Administrative offences and fine proceedings in Germany – defence in Frankfurt and nationwide

Many people are surprised at how serious an administrative fine proceeding in Germany can be. Although administrative offences (Ordnungswidrigkeiten) are not criminal offences in the strict sense, but are classified as “regulatory” or “administrative wrongdoing”, they can still lead to high fines, driving bans, entries in registers relevant for business and trade, and – especially in tax and corporate matters – significant financial and reputational damage.

Particularly in the fields of white-collar and tax criminal law, administrative offences are often closely connected with criminal allegations. A regulatory fine proceeding may run in parallel with a criminal investigation or may even be a precursor to it. Careful coordination of the defence strategy is therefore essential.

Based in Frankfurt am Main, the law firm Buchert Jacob Peter defends private individuals, managing directors, senior employees, entrepreneurs, professionals and other individuals in administrative fine proceedings and criminal cases throughout Germany. Our English-speaking criminal defence lawyers in Frankfurt advise and represent clients from the first contact with the authorities through to court hearings and appeals, including complex nationwide proceedings.

For further orientation on key legal concepts in German criminal law and procedure, our firm also provides an English legal dictionary, for example on topics such as criminal offences and criminal procedure and the role of the criminal defence lawyer.

Concept of an administrative offence and distinction from a criminal offence

Under section 1 (1) of the German Administrative Offences Act (Gesetz über Ordnungswidrigkeiten – OWiG), an administrative offence is an unlawful and reproachable act which does not reach the degree of wrongfulness of a criminal offence, but is nevertheless regarded as requiring a sanction. The sanction is a regulatory fine (Geldbuße), not a criminal penalty such as a fine in the criminal sense or imprisonment.

In administrative offence law the person affected is described as the “person concerned” (Betroffene), and the authority issues a “notice of administrative fine” (Bußgeldbescheid). In practice, however, the consequences can be very similar to those in criminal proceedings: substantial financial sanctions, confiscation of assets and serious professional or business consequences. In traffic law, for example, a regulatory fine can be combined with points in the German driving fitness register and driving bans; in commercial and tax matters, fines can be accompanied by tax reassessments and follow-up criminal investigations.

In terms of substantive law, the system of administrative offences largely mirrors German criminal law. Many regulatory provisions correspond to criminal offences: for instance in tax law (where a distinction is made between tax evasion as a criminal offence and “reckless” tax reduction as an administrative offence), in accounting and capital market law, or in insolvency-related duties.

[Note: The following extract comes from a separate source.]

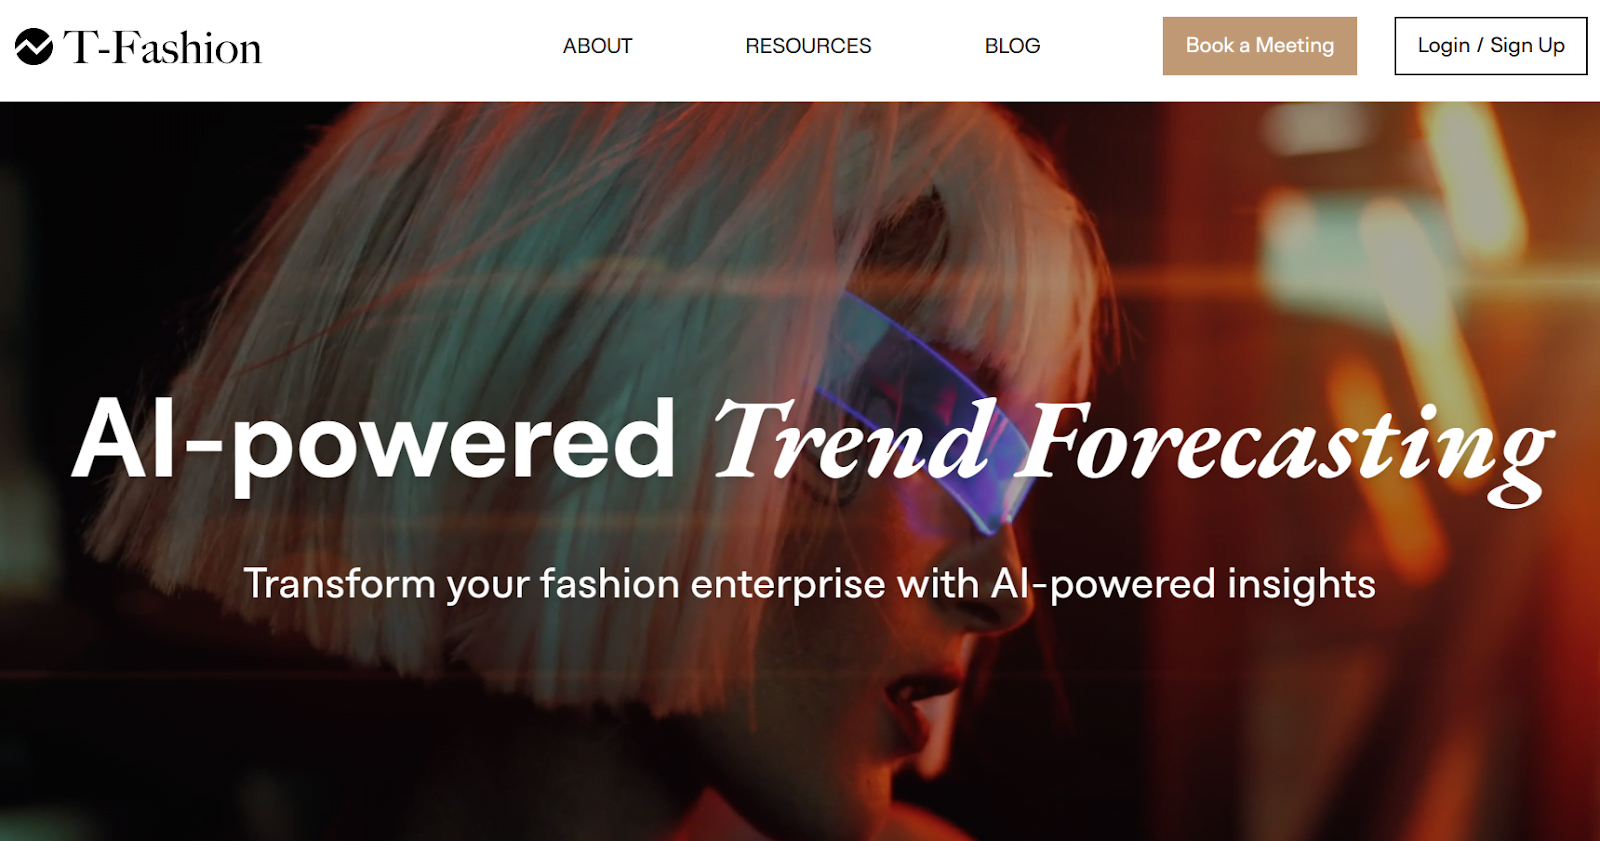 t-fashion - AI-powered trend forecasting

The key distinction lies in the type of sanction and in the procedural principles. Criminal offences are prosecuted under the principle of legality: the public prosecutor’s office is generally obliged to initiate an investigation if there is sufficient initial suspicion against an accused person. Administrative offences, by contrast, are prosecuted under the principle of opportunity: the competent administrative authority has discretion as to whether to pursue or discontinue the matter. Nevertheless, fines and associated measures such as confiscation of profits can have an existential impact on individuals and companies.

Course of administrative offence proceedings

Warning, warning fee and cost order

For minor breaches of regulatory provisions, German law provides for a simplified procedure: a warning combined with a small warning fee (Verwarnung mit Verwarnungsgeld). If the person concerned agrees and pays the warning fee on time, no formal notice of administrative fine is issued and the matter is settled quickly and at lower cost.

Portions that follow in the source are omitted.